[Task instructions] Only the pictures should be left out; write out all other data exactly.

[Data section]
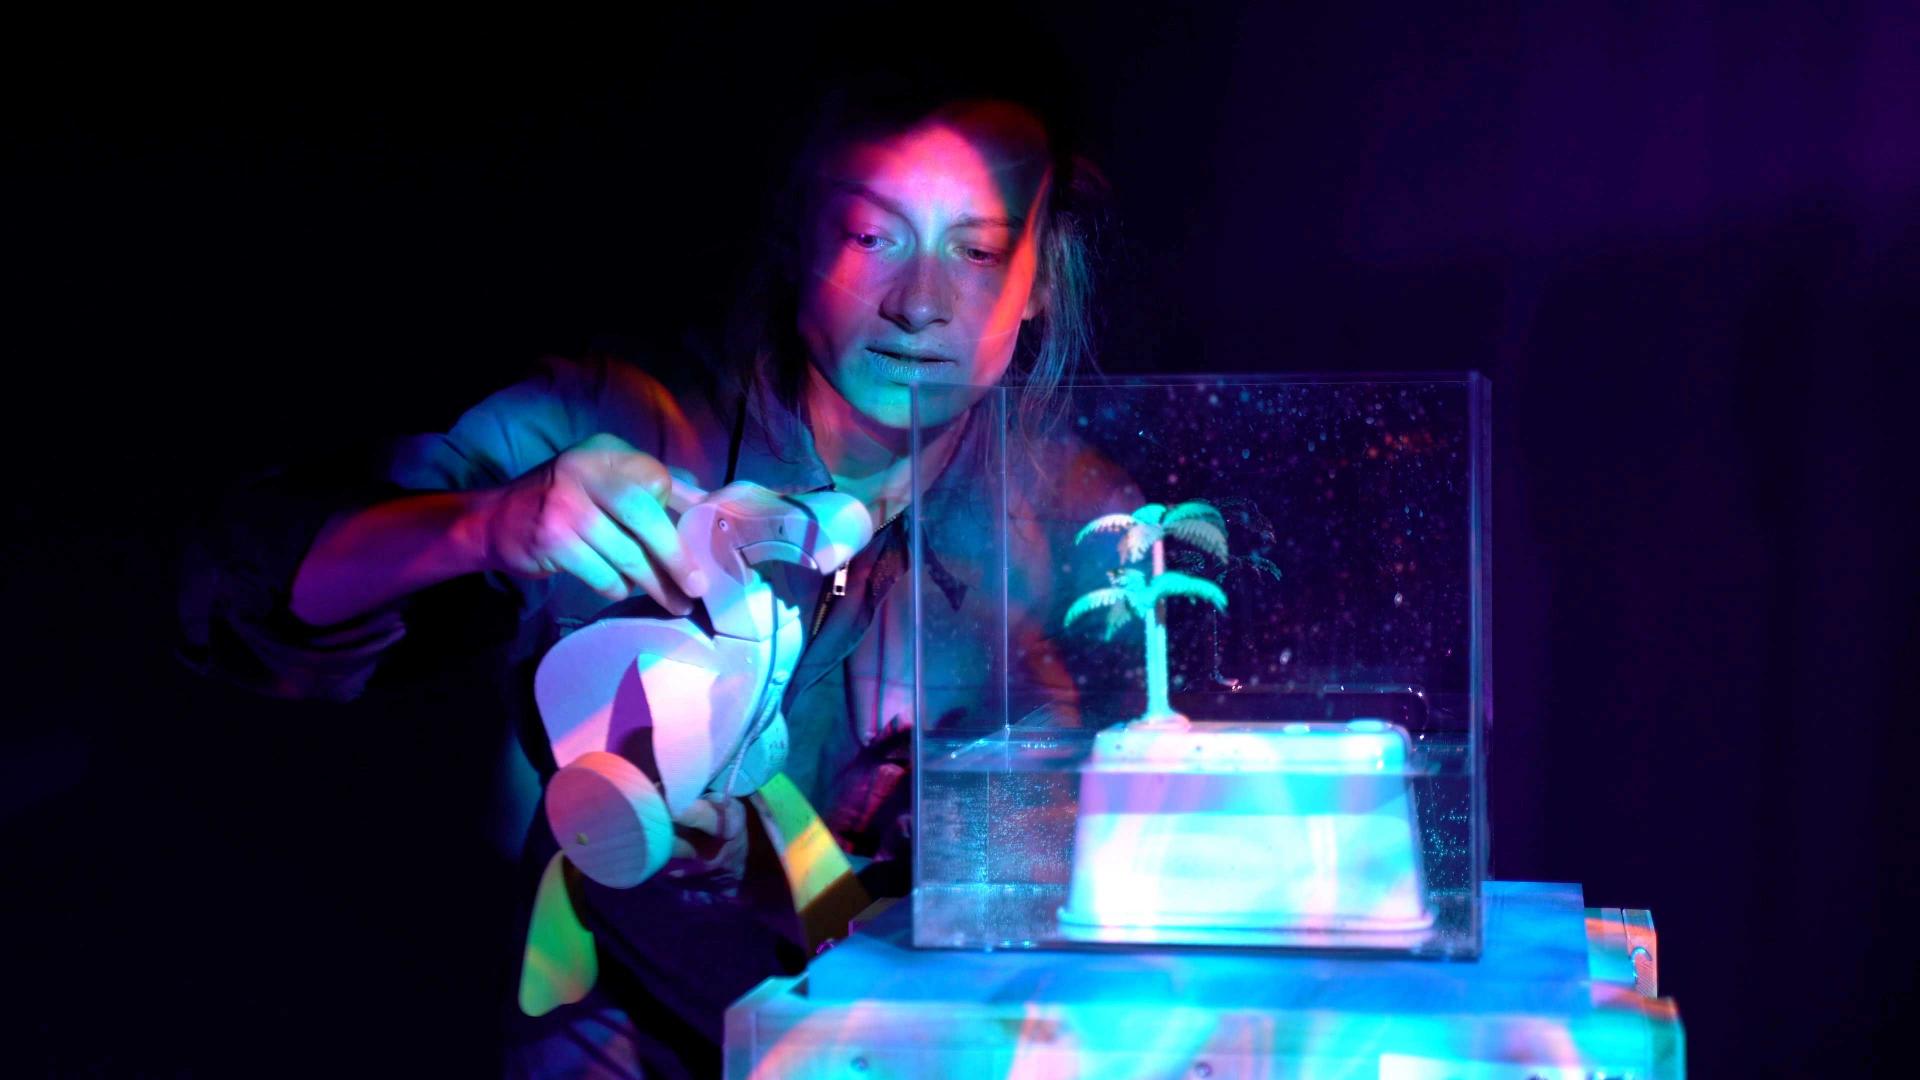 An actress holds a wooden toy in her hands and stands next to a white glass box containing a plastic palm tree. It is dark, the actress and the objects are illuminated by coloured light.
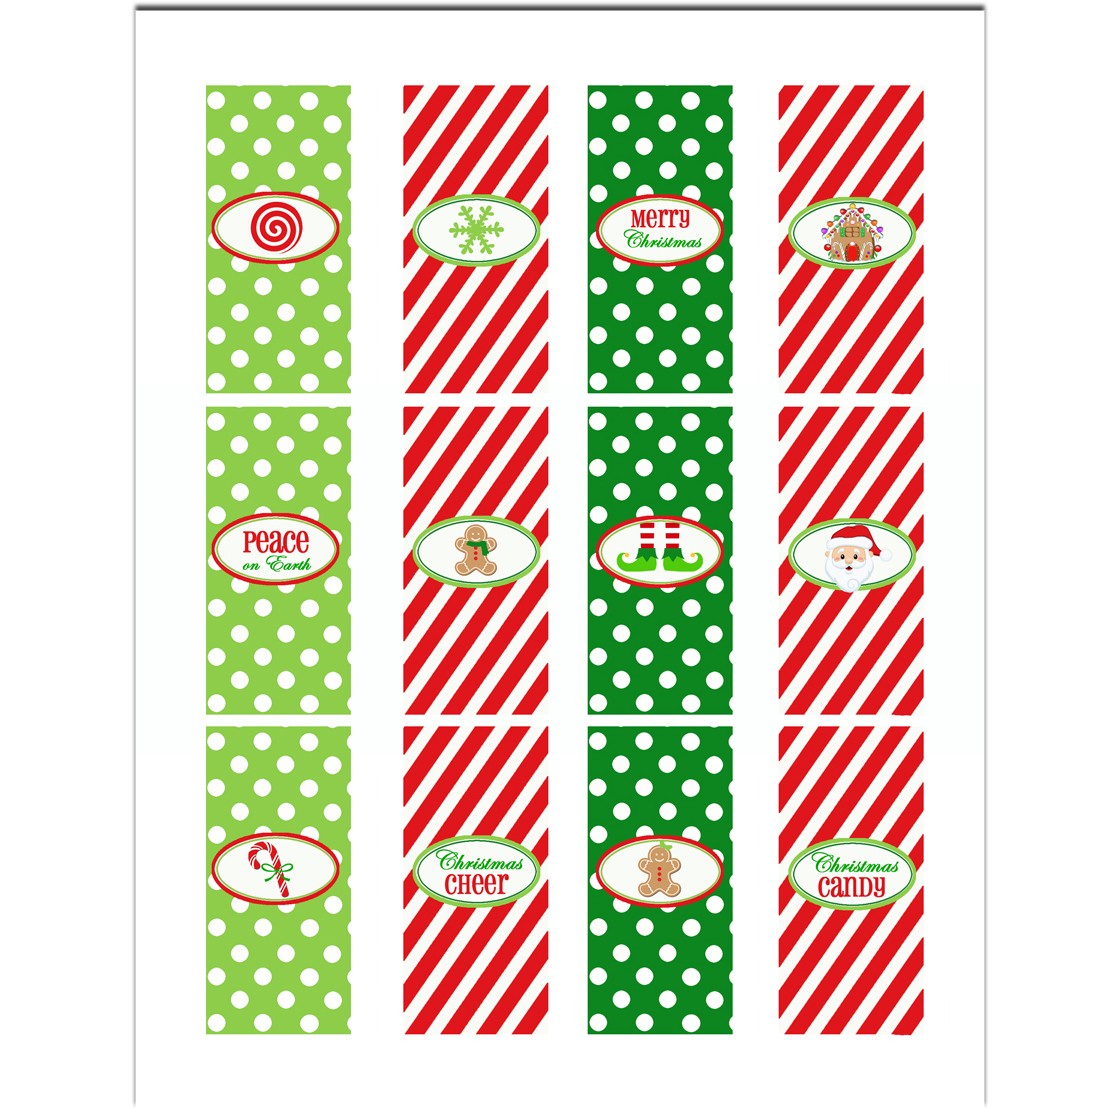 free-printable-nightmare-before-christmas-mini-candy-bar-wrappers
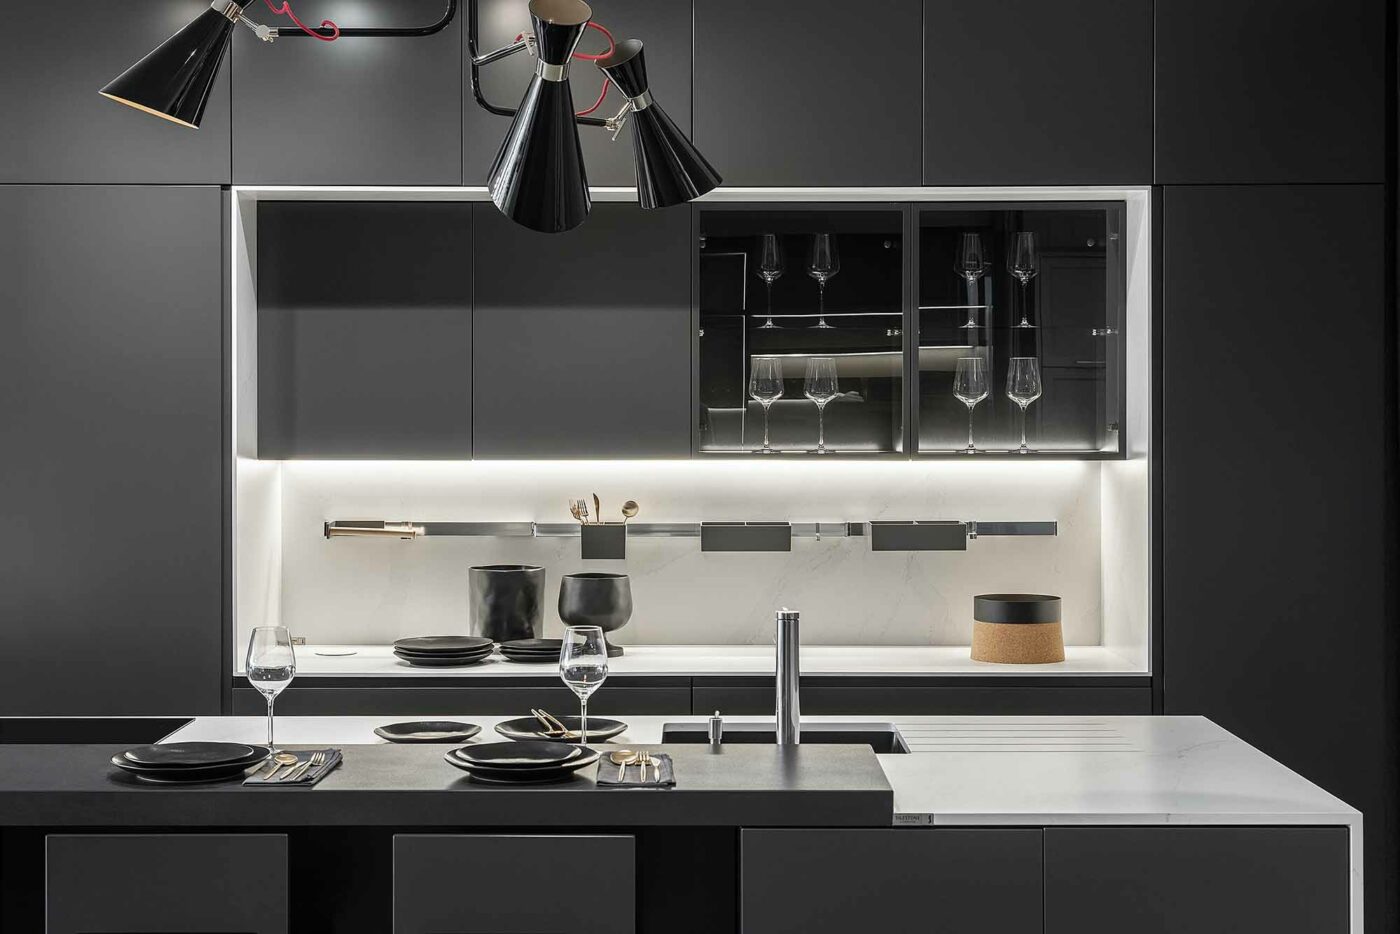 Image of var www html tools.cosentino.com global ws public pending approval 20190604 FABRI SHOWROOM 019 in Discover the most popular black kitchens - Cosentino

[Output below]
 An actress holds a wooden toy in her hands and stands next to a white glass box containing a plastic palm tree. It is dark, the actress and the objects are illuminated by coloured light.
 free-printable-nightmare-before-christmas-mini-candy-bar-wrappers
 Image of var www html tools.cosentino.com global ws public pending approval 20190604 FABRI SHOWROOM 019 in Discover the most popular black kitchens - Cosentino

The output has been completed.